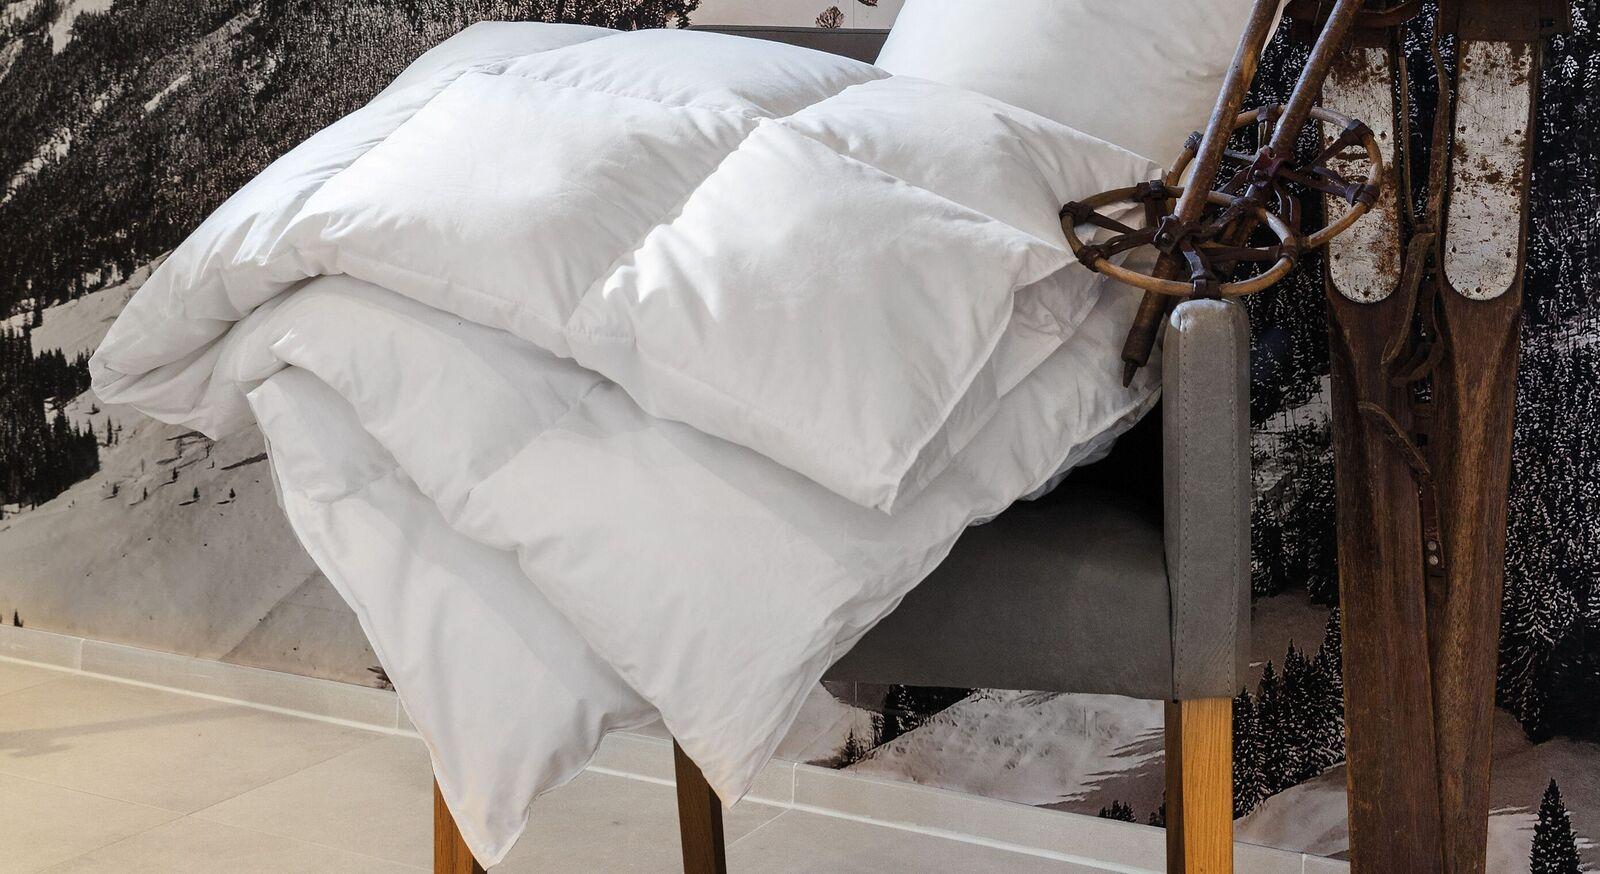 Daunen-Bettdecke Centa Star Moments warm mit Kassettensteppung
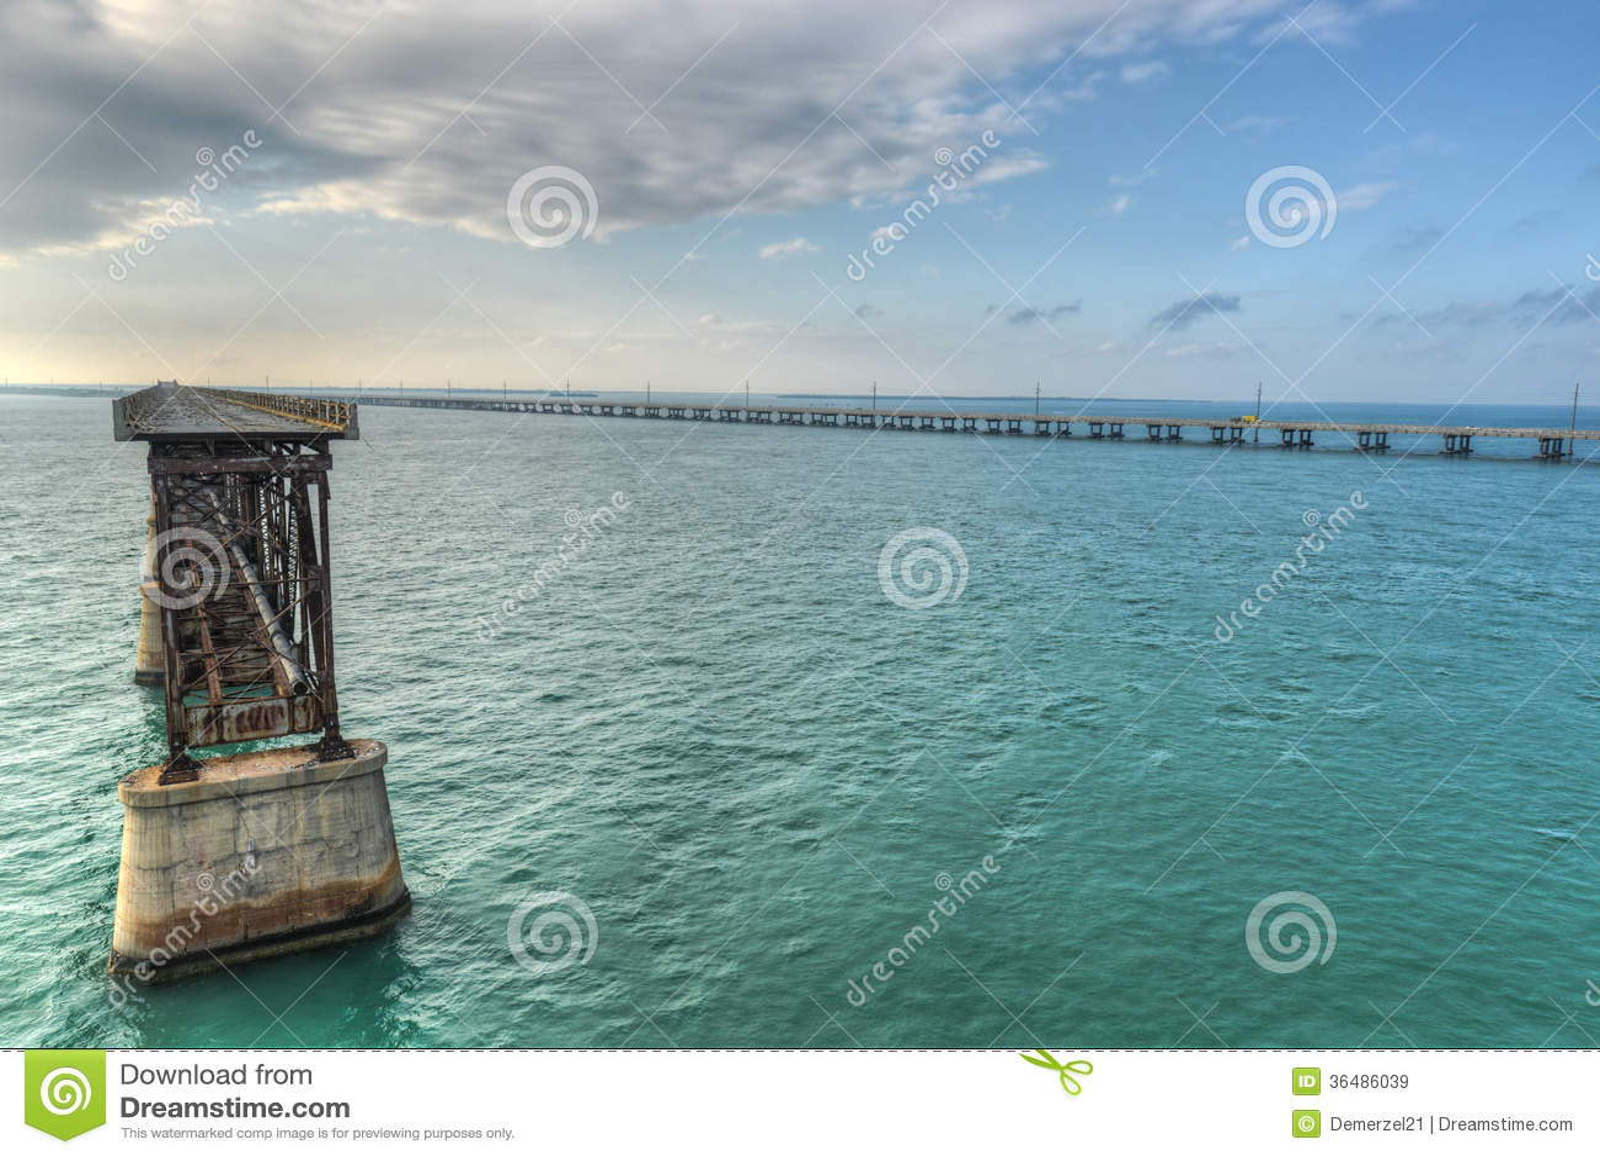 Old Bahia Honda Rail Bridge
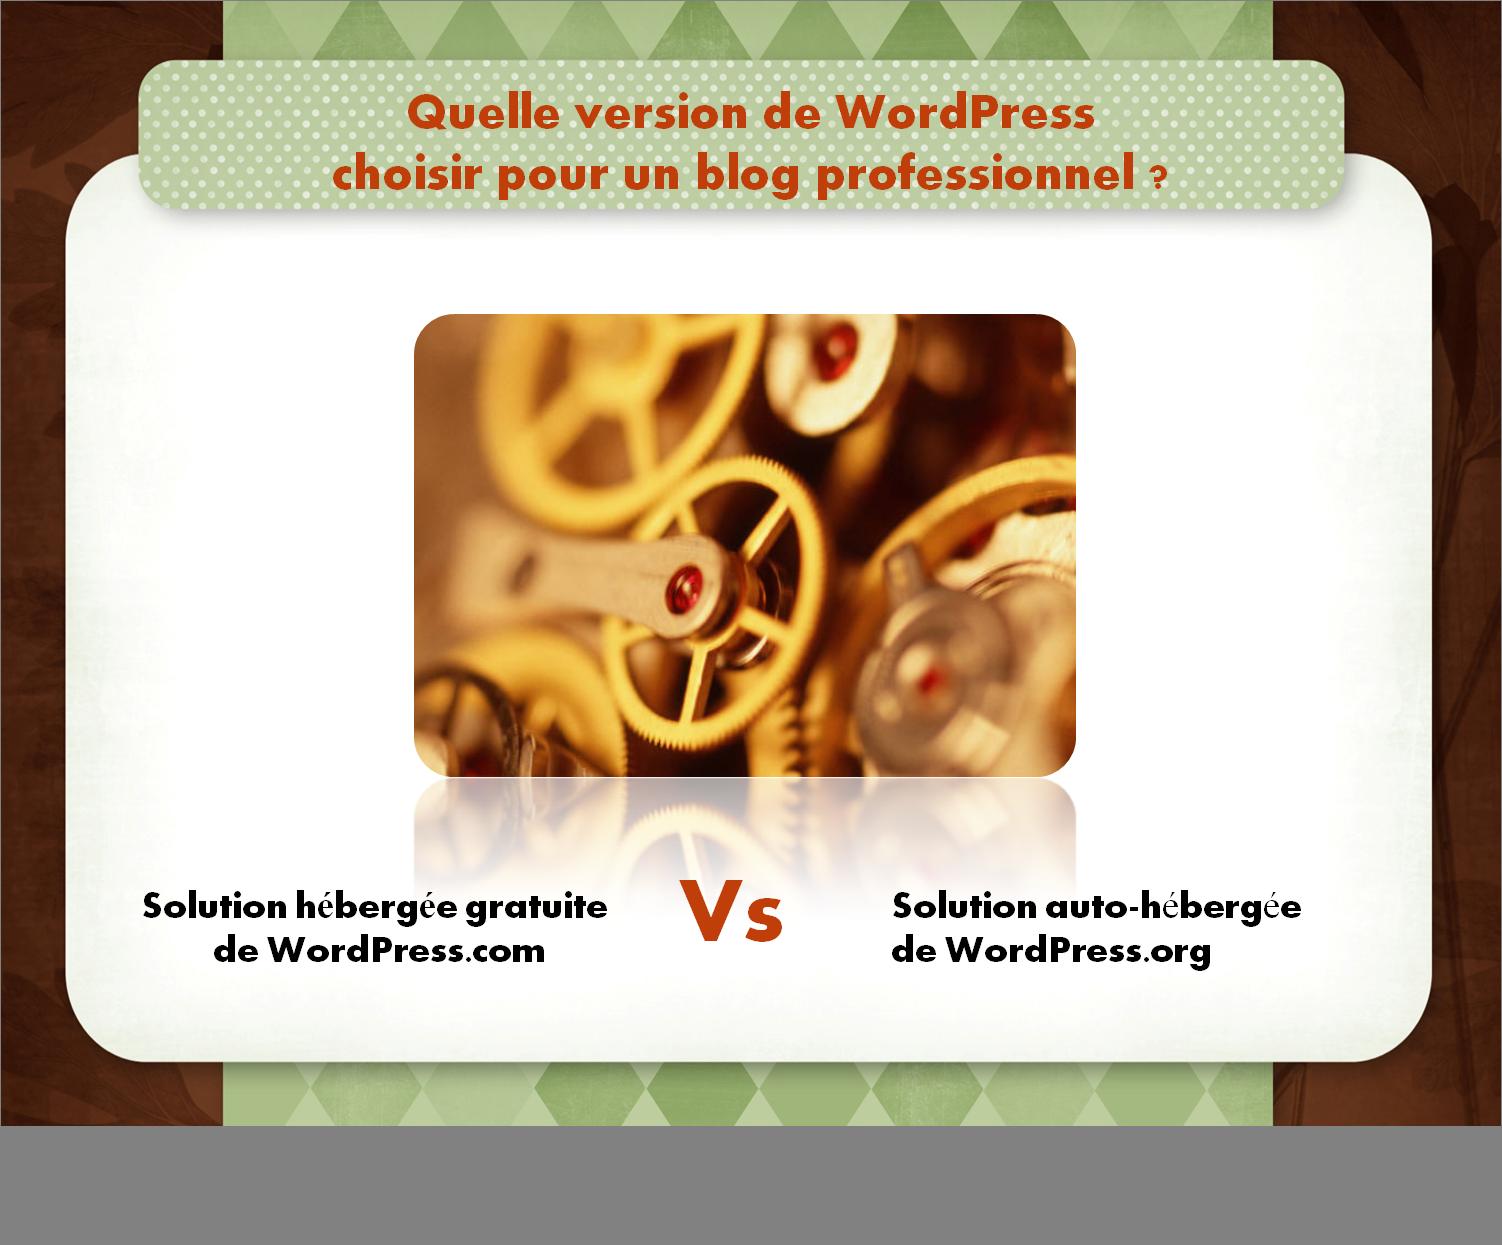 WordPress : solution hebergée gratuite vs solution auto-hébergée
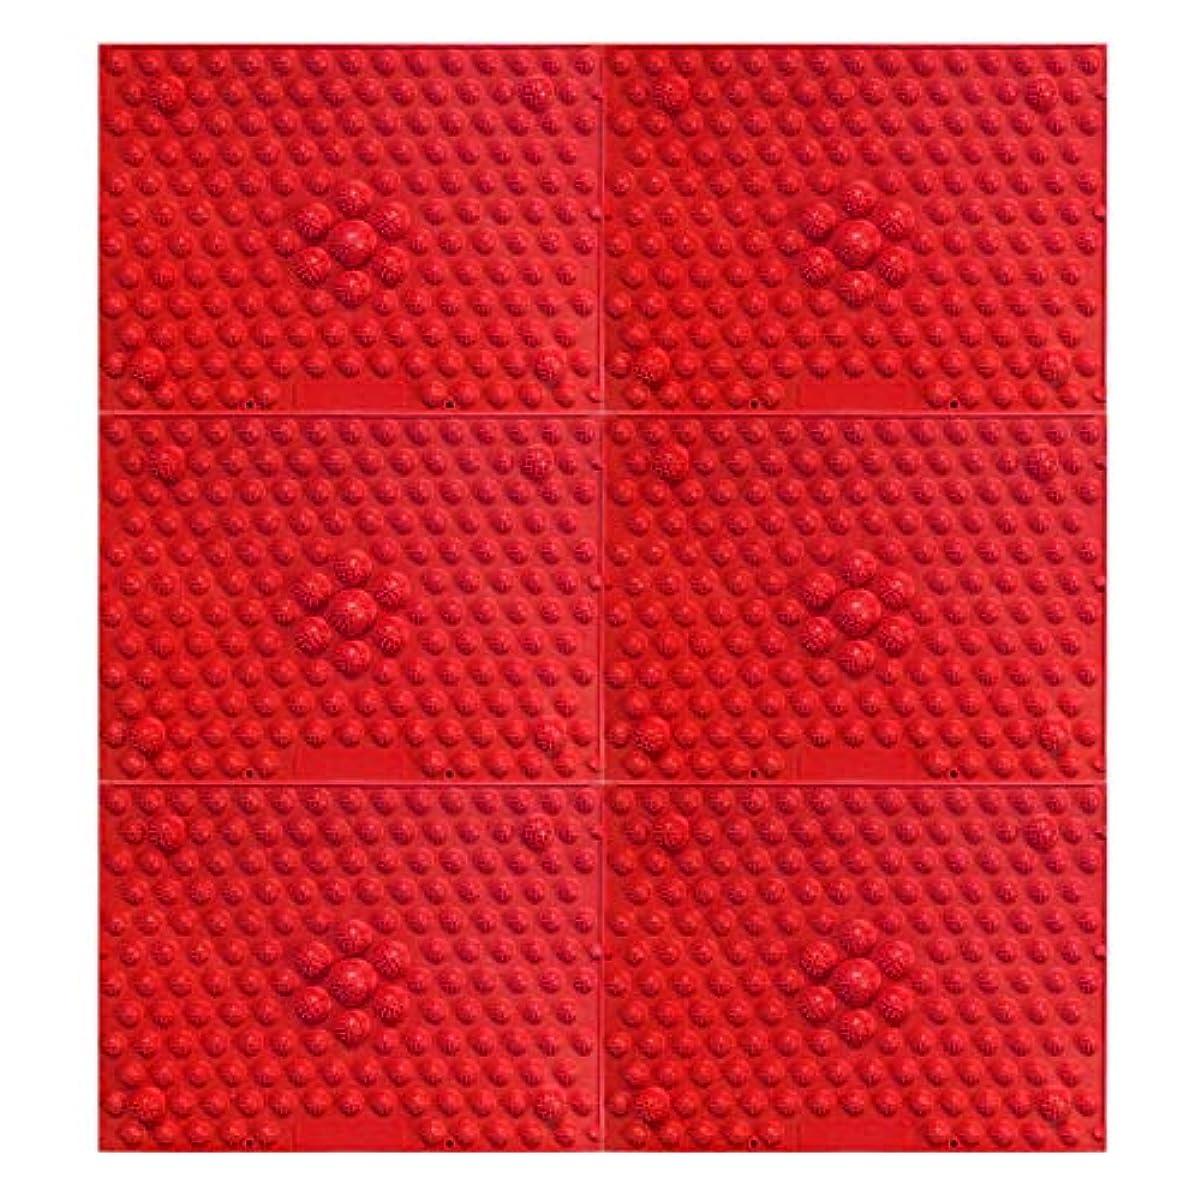 壮大なスペイン語長々と疲れsirazu(足踏みマット)ピンク6枚セット (赤)
——
__AIM OF THE TASK__: What is needed is an exact repeat of only the lines from the one containing "WordPress : solution" through the last line of the listing above, both ends included, without the pictures.

__RESULT BELOW__:
 WordPress : solution hebergée gratuite vs solution auto-hébergée
 壮大なスペイン語長々と疲れsirazu(足踏みマット)ピンク6枚セット (赤)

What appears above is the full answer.